Patrick, who visited the leak site twice over the weekend and has held three news conferences about the crisis, today canceled plans to travel to Chicago where he was to the BIO International Convention, a major gathering for the biotech industry.
Frederick A. Laskey, executive director of the MWRA, said the failure could have been caused by the design, construction, or installation of the collar. Officials did rule out one theory discussed early in the crisis: that a minor earthquake could have jolted the pipes.
The collar, a large version of a standard component used to connect pipes or pipe segments in many water systems locally and nationally, was installed seven years ago by Barletta Heavy Division of Canton, the same firm that is fixing it now. State officials said they asked the company to make the repairs because it knows the pipe system well, had a replacement collar available, and had heavy equipment near the scene.
MWRA officials were looking through records to determine the manufacturer of the collar.
They were also trying to determine whether the collar was protected by a warranty, but they cautioned that was highly unlikely. Once pipes are tested and inspected, most warranties last less than two years, said Button, chief engineer for the water authority.
Authorities are also seeking emergency permits from the state Department of Environmental Protection to remove some 400 cubic yards of sediment that washed into the Charles. On Sunday, the river was still a muddy brown in Waltham, about 4 miles from the break.
Across the region, homeowners and businesses seemed to be doing their best to adapt to life without drinking tap water. But there were telltale signs that life in the Boston area was at least slightly off kilter.
Dunkin’ Donuts, for one, was not selling coffee at its stores in the region. On an Amtrak train from Boston to New York yesterday, signs on the restrooms warned passengers: “Use water for washing ONLY. DO NOT DRINK!!!!!’’ And in the cafe car, the staff emphasized that they were serving coffee from New Haven.

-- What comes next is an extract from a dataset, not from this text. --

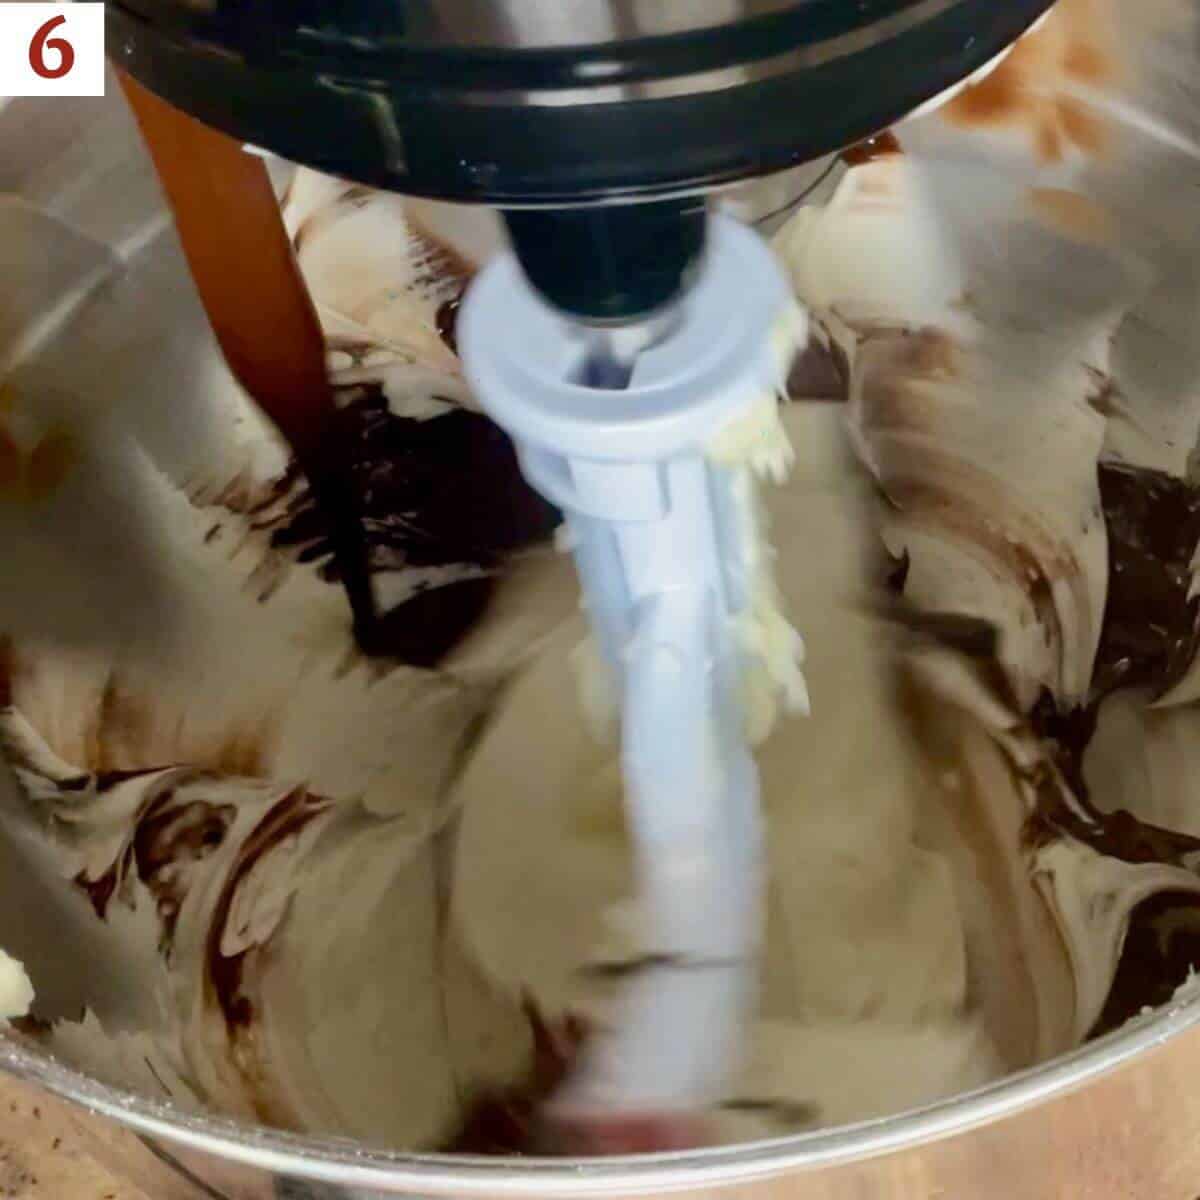 Adding melted chocolate to buttercream in a stand mixer bowl.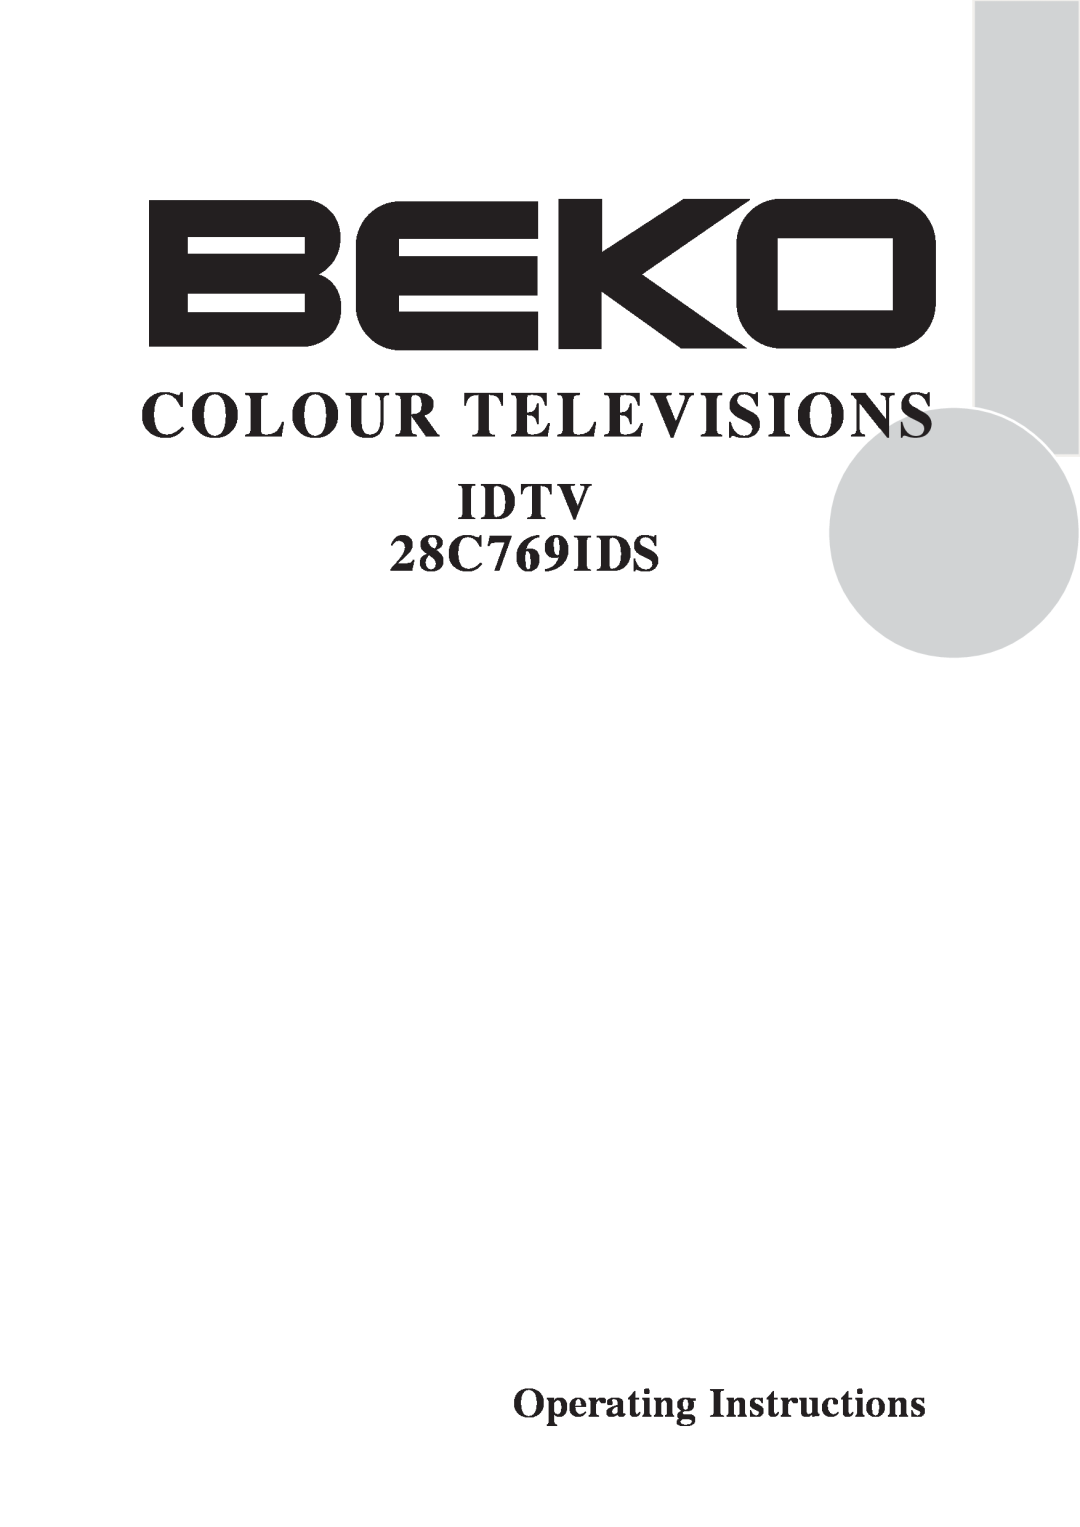 Beko operating instructions Operating Instructions, Colour Televisions, IDTV 28C769IDS

The demand for bottled water — a commodity often vilified by environmentalists but suddenly a mandatory staple of Boston life — prompted inevitable shortages and allegations of unfair price hikes. Coakley promised to investigate “anecdotal reports’’ of price gouging.
“If we discover that businesses are engaging in price gouging, we will take appropriate legal action,’’ she said.
Not every community was affected. Cambridge was an oasis of calm amid the water crisis because it has its own supply of drinking water, from Fresh Pond and other reservoirs. Towns west of Weston were also blissfully unaffected by the crisis.